■ TASK REQUIREMENTS ■
Word for word, repeat the data that follows. Do not include the pictures.

■ RECORDED INFORMATION ■

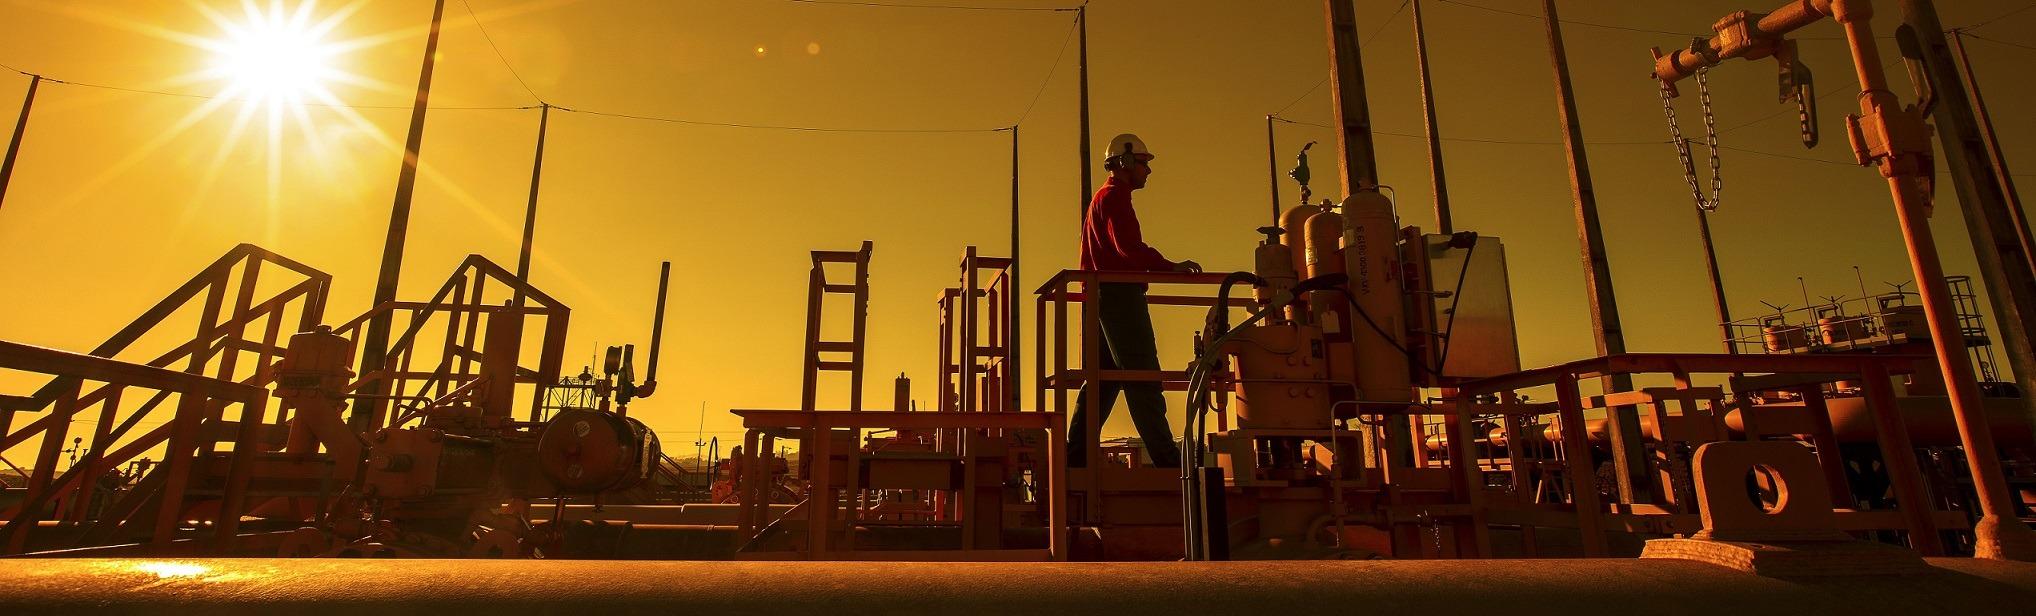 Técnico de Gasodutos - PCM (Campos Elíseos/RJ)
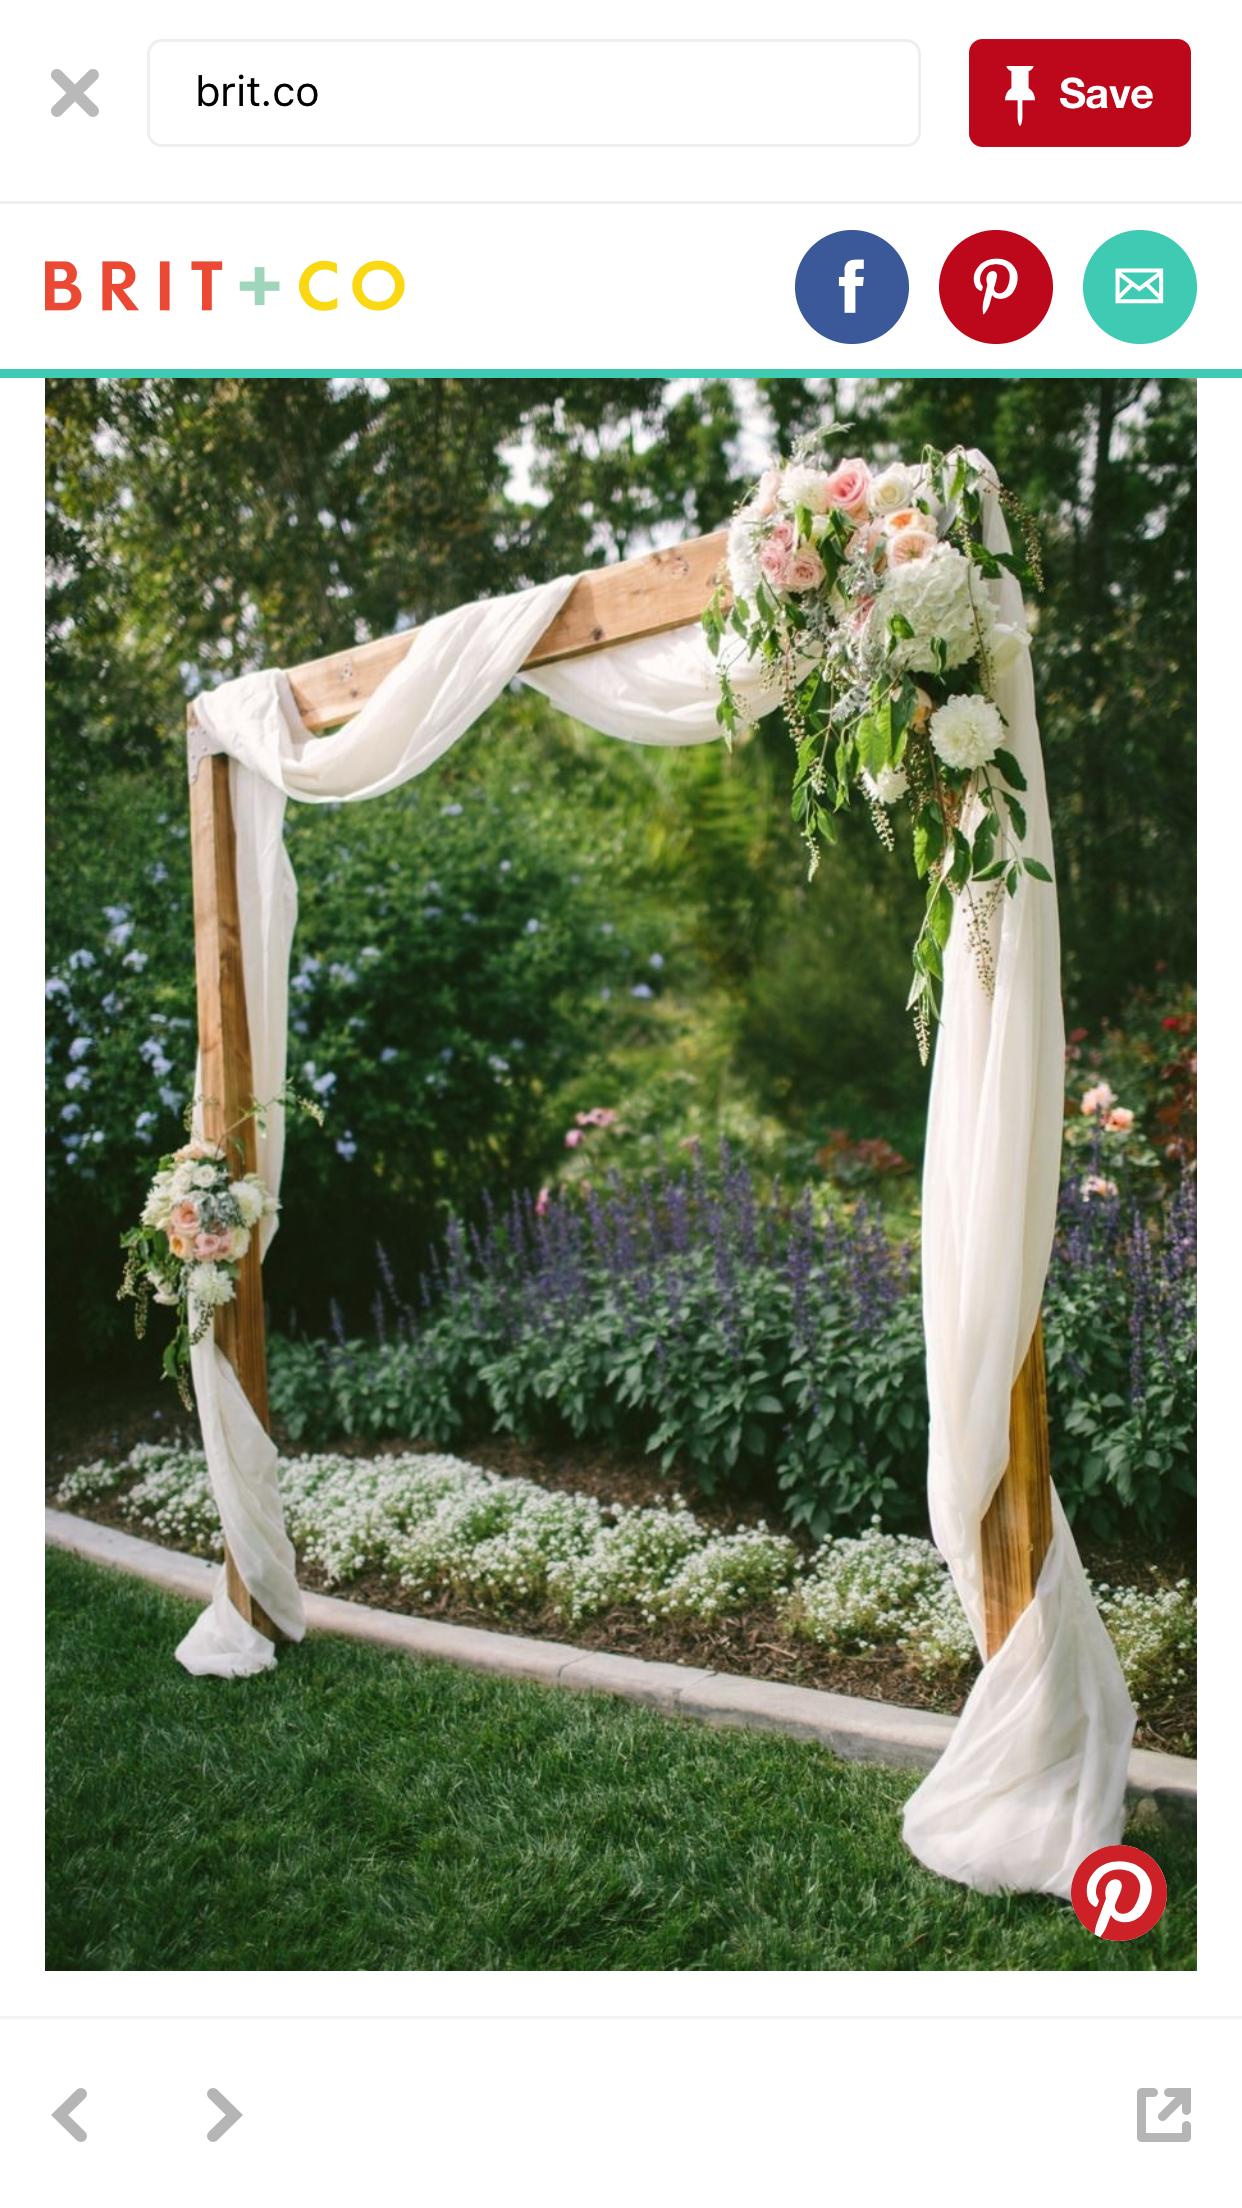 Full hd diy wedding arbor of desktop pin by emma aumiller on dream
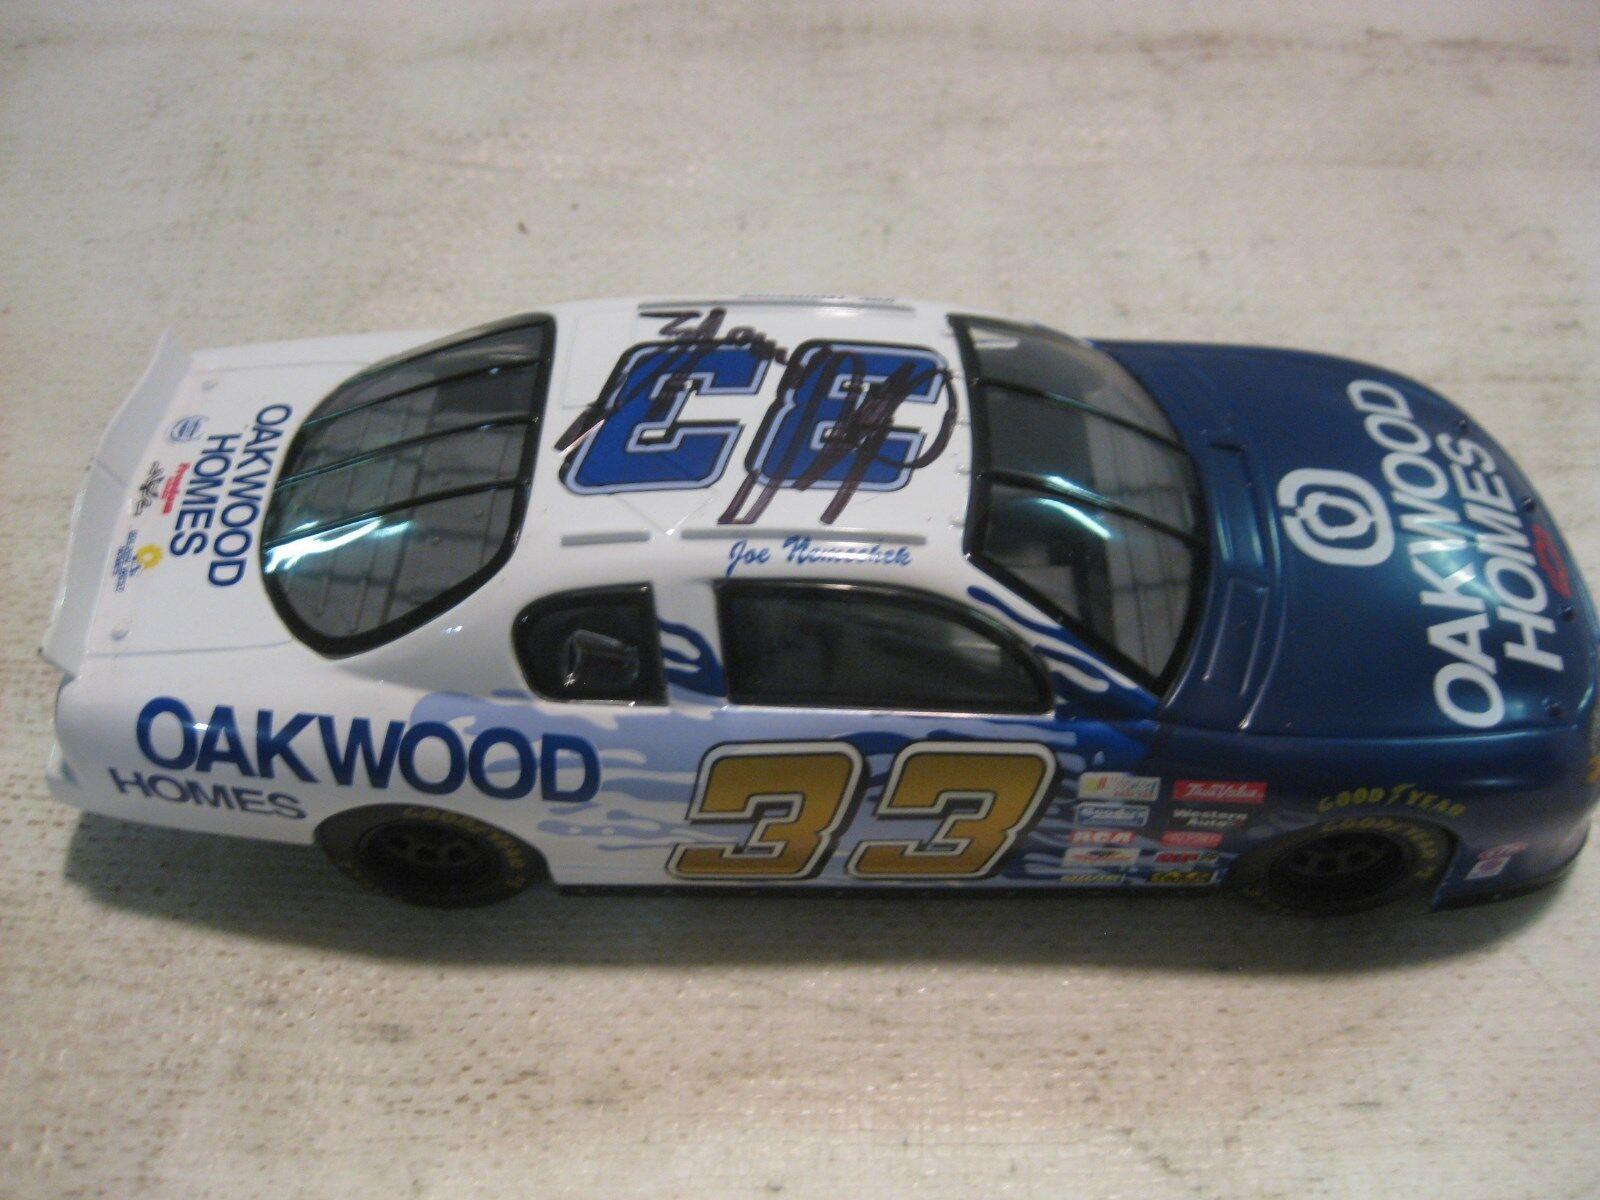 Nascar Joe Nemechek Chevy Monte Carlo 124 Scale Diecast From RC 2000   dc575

■ SOLUTION TO THE EXERCISE ■
 Técnico de Gasodutos - PCM (Campos Elíseos/RJ)
 Full hd diy wedding arbor of desktop pin by emma aumiller on dream
 Nascar Joe Nemechek Chevy Monte Carlo 124 Scale Diecast From RC 2000   dc575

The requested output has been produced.